— REQUIREMENT —
Below is a listing to copy exactly; no image goes into the copy.

INFORMATION SHOWN START

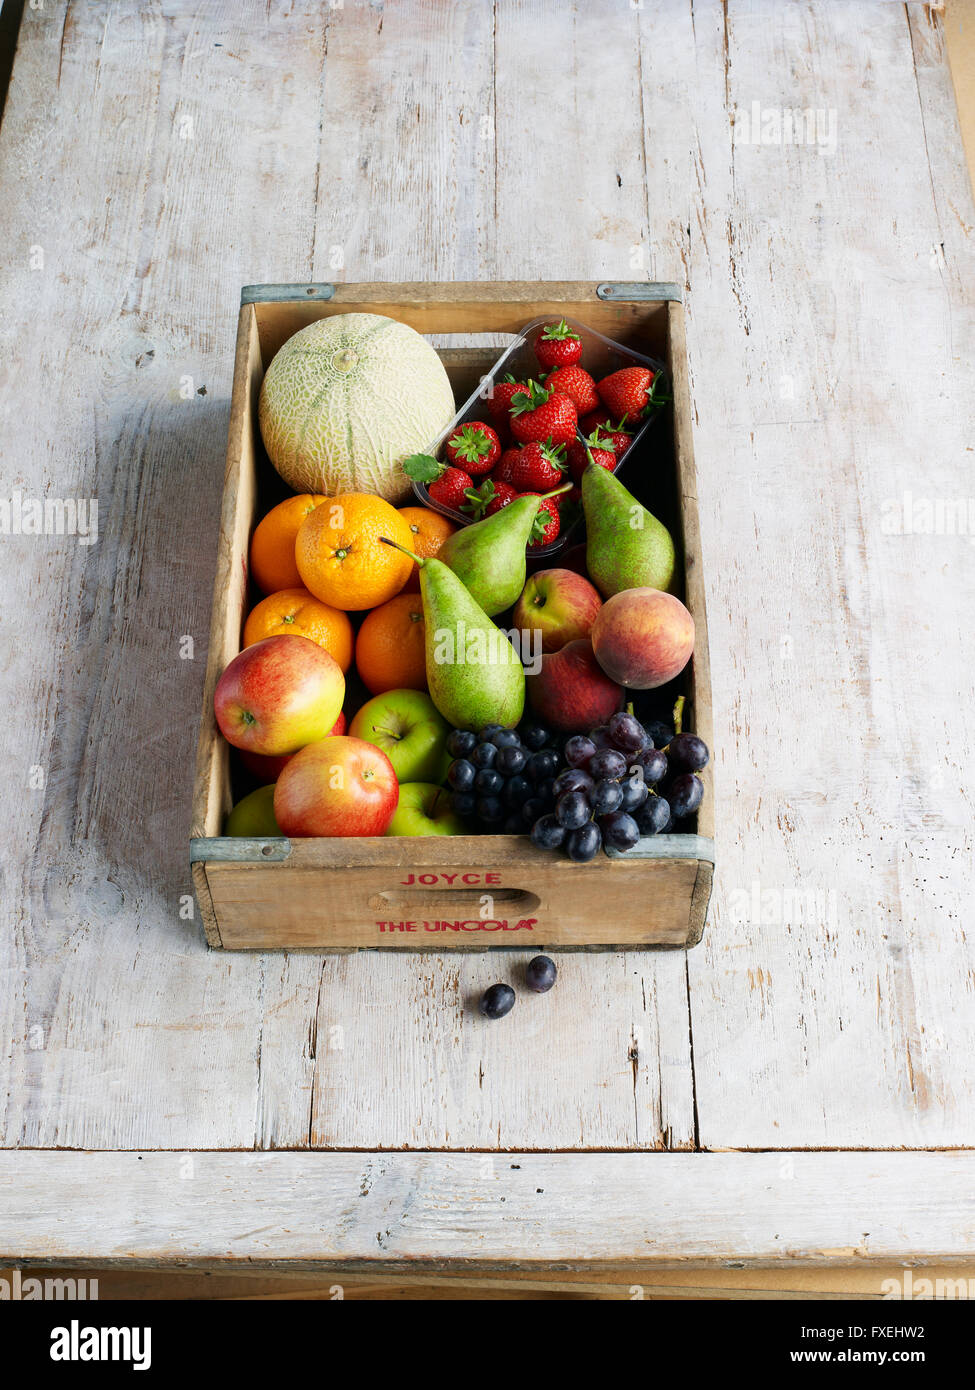 Varie frutta fresca in una cassa Immagini Stock
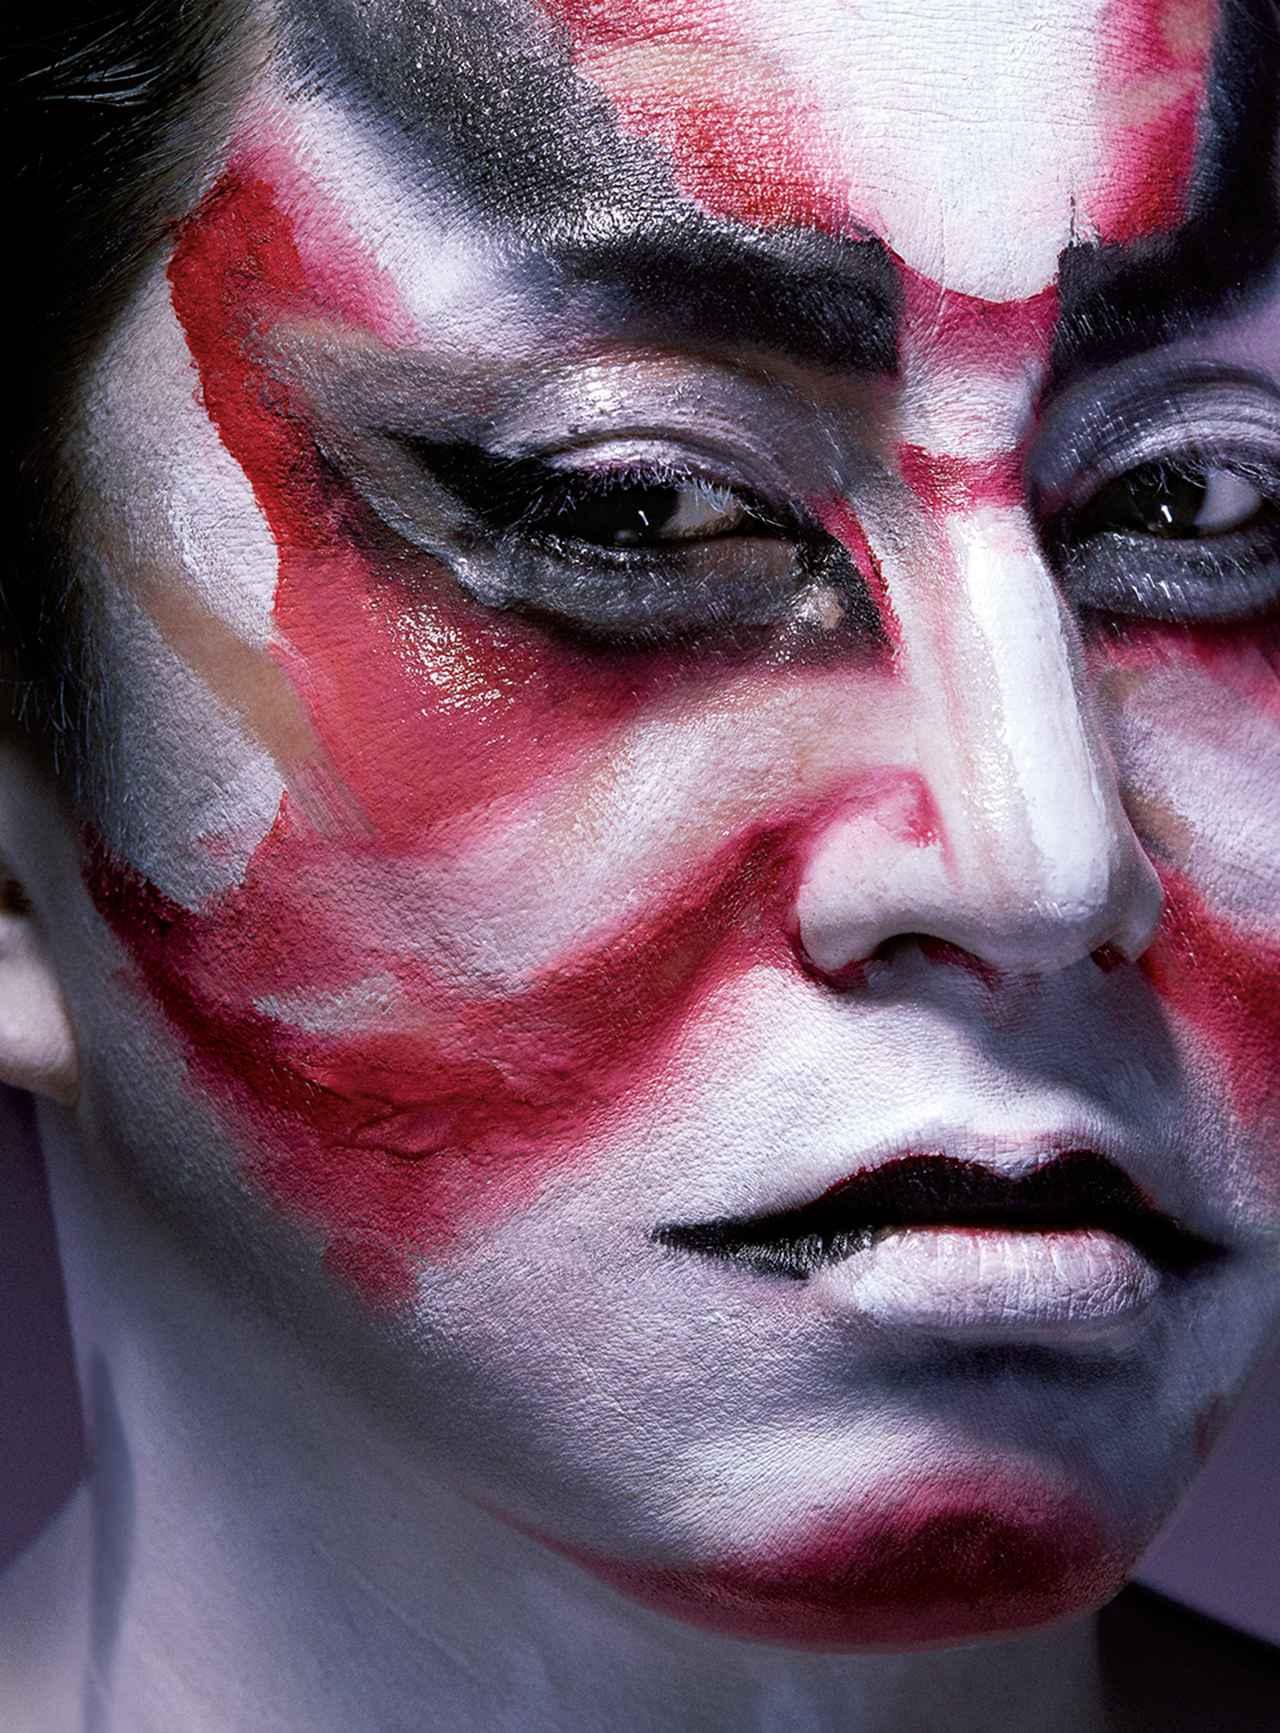 Images : 2番目の画像 - 「松本幸四郎の 歌舞伎メイク進化論」のアルバム - T JAPAN:The New York Times Style Magazine 公式サイト
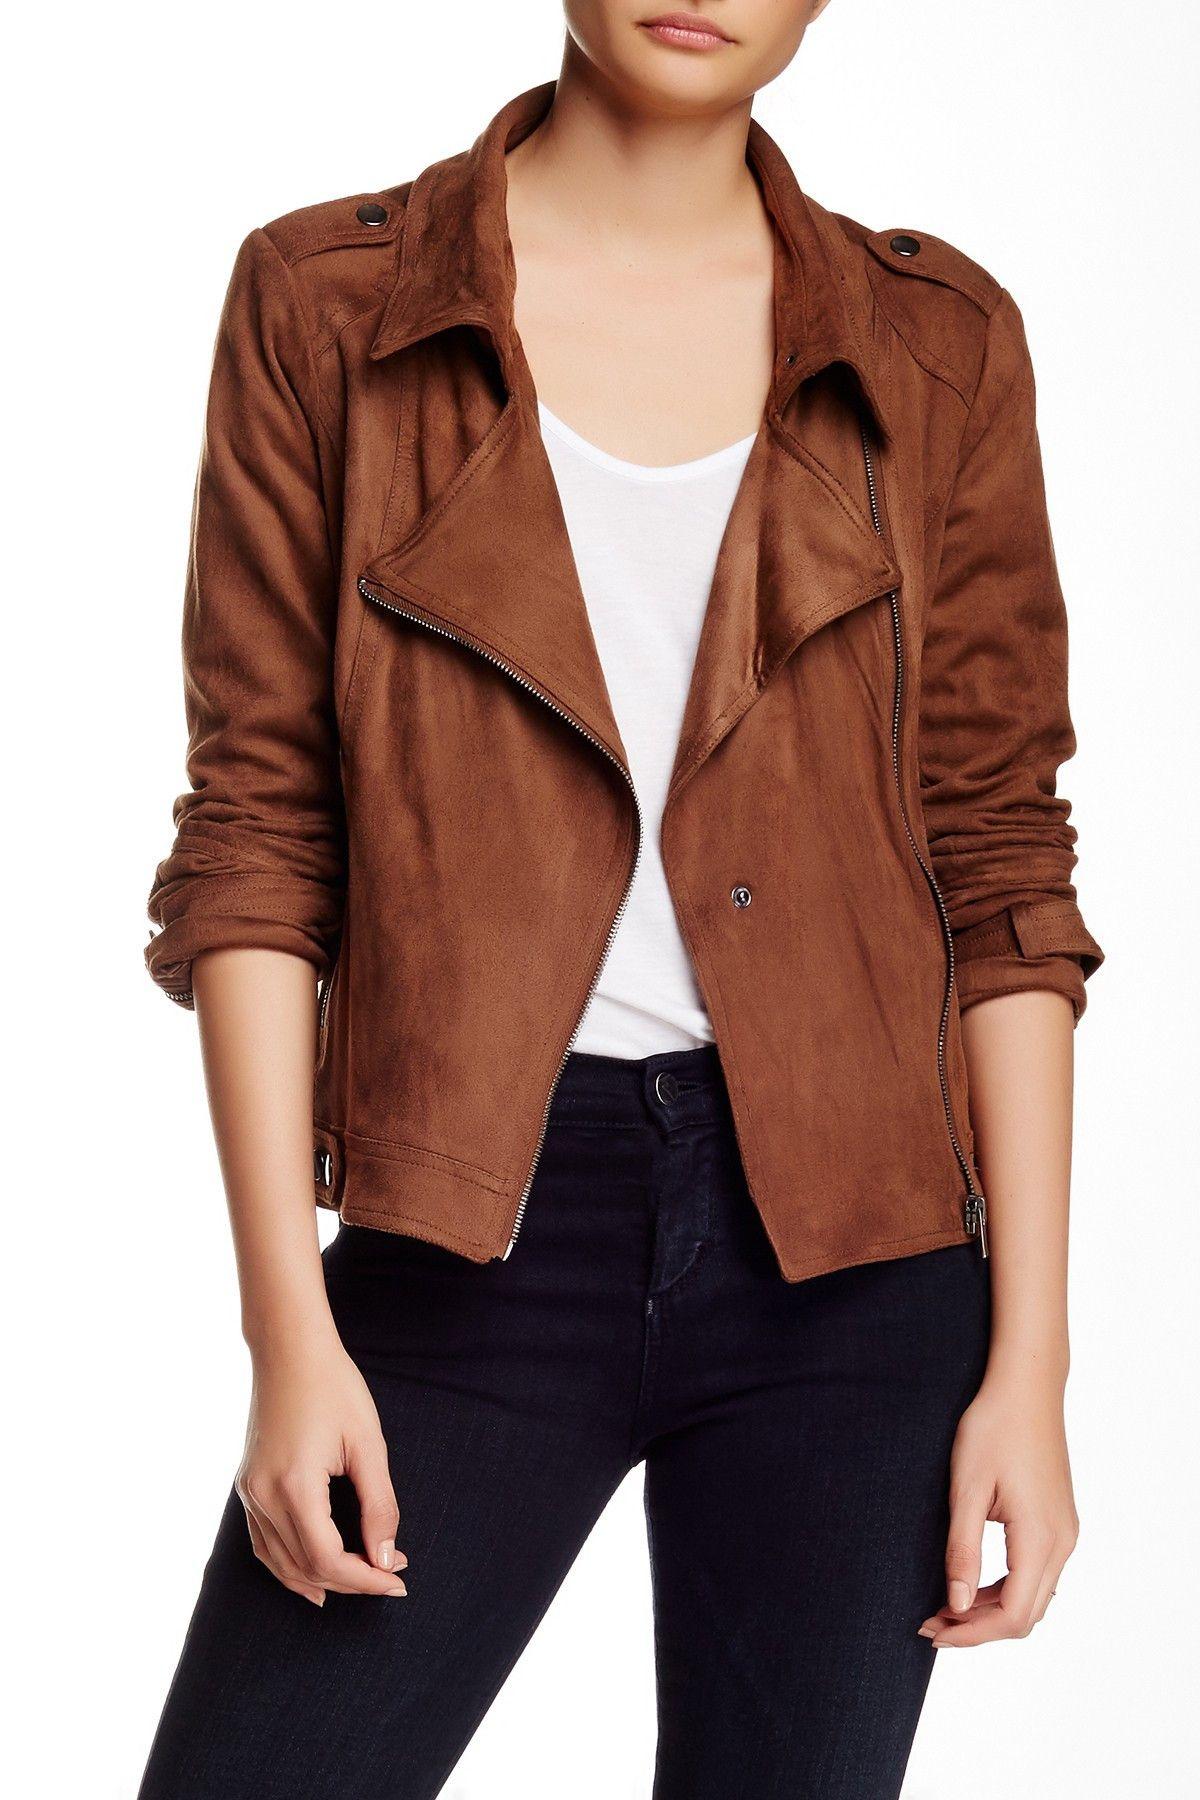 Leather jacket nordstrom rack - Bnci By Blanc Noir Faux Suede Moto Jacket Nordstrom Rack

INFORMATION SHOWN END

— RESULT —
 Varie frutta fresca in una cassa Immagini Stock
 Images : 2番目の画像 - 「松本幸四郎の 歌舞伎メイク進化論」のアルバム - T JAPAN:The New York Times Style Magazine 公式サイト
 Leather jacket nordstrom rack - Bnci By Blanc Noir Faux Suede Moto Jacket Nordstrom Rack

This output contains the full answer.